# Jetta MKIV Changing Lock Cylinder on glove box latch



## cheyanqui (Dec 29, 2006)

Has anyone been able to remove an existing lock cylinder from the glove box latch without damaging the latch?
I bought a Glove box lid for my 2002 Jetta (old style lid, not the new style for larger glove box), but it has the old lock cylinder in it.
Thanks for any help.


----------



## TRUEBELIEVER (Apr 7, 2005)

*Re: Jetta MKIV Changing Lock Cylinder on glove box latch (cheyanqui)*

Put the key in the lock cylinder and leave it there. The reason for this is because if you take out the cylinder without the key in it all the small tumblers will fall out. 
Anyway, Once the key is in there are some small plastic tabs that you can bend back on the inside to disconnect the cylinder from the latch. 
Just wondering but if your installing a new lid why are you worried about the latch? A new glovebox lid comes with the latch


----------



## cheyanqui (Dec 29, 2006)

*Re: Jetta MKIV Changing Lock Cylinder on glove box latch (TRUEBELIEVER)*

I bought a trunk lid at a junkyard ($10), rather than a new one online ($90) or the dealer ($130). The junkyard ones still have the existing lock cylinder in them.
I managed to sort it out. 
TO REMOVE THE EXISTING LOCK CYLINDER WITHOUT HOSING THE LATCH:
1) Take lid off the glove box (so you can turn it around, and see where you are working)
2) Buy a $3 set of dental tools from the drugstore (usually includes a small mirror, and two curved tools for scraping tartar).
** These work great because they are already curved, thin enough to get in the gap of the tab and cylinder, and they are also stiff enough to not bend or break. The mini-mirror is also somewhat useful to see what you're doing.

3) Lift the latch (like you're opening it).

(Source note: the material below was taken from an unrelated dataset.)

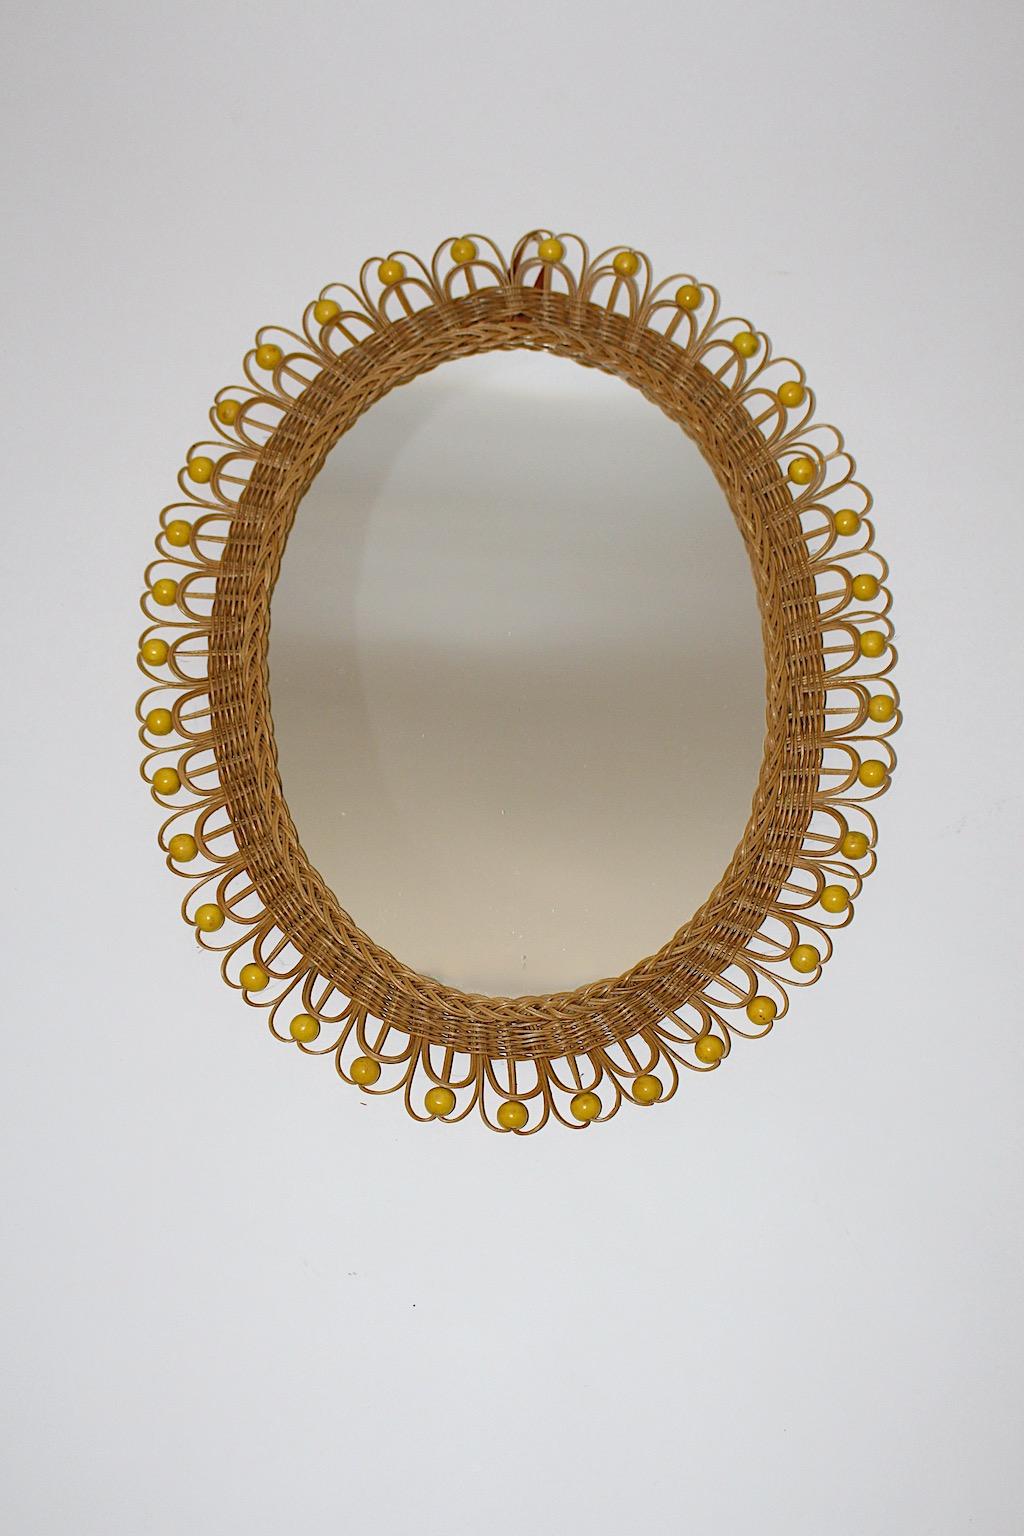 Rattan Willow organic Mid-Century Modern peacock wall mirror oval like 1970s Austria.
An oval wall mirror features a wrapped frame from rattan with yellow wooden pearls as amazing decor peacock like, while the rattan loops are slightly curved,

Insert the curved dental tool into the space between the plastic tab and the lock cylinder.
4) Spread the tabs WITHOUT breaking them.
5) With at least two tabs bent back slightly, use a flathead screwdriver inserted into the lock to wiggle the lock out of a latch.
6) re-install lock cylinder onto the junkyard lid.
Took a little extra work, but got a lid for $10, rather than $100+. Granted, my junkyard was a great deal, but I saw plenty of other (non-matching) VW lids for $35-40 at other yards...


----------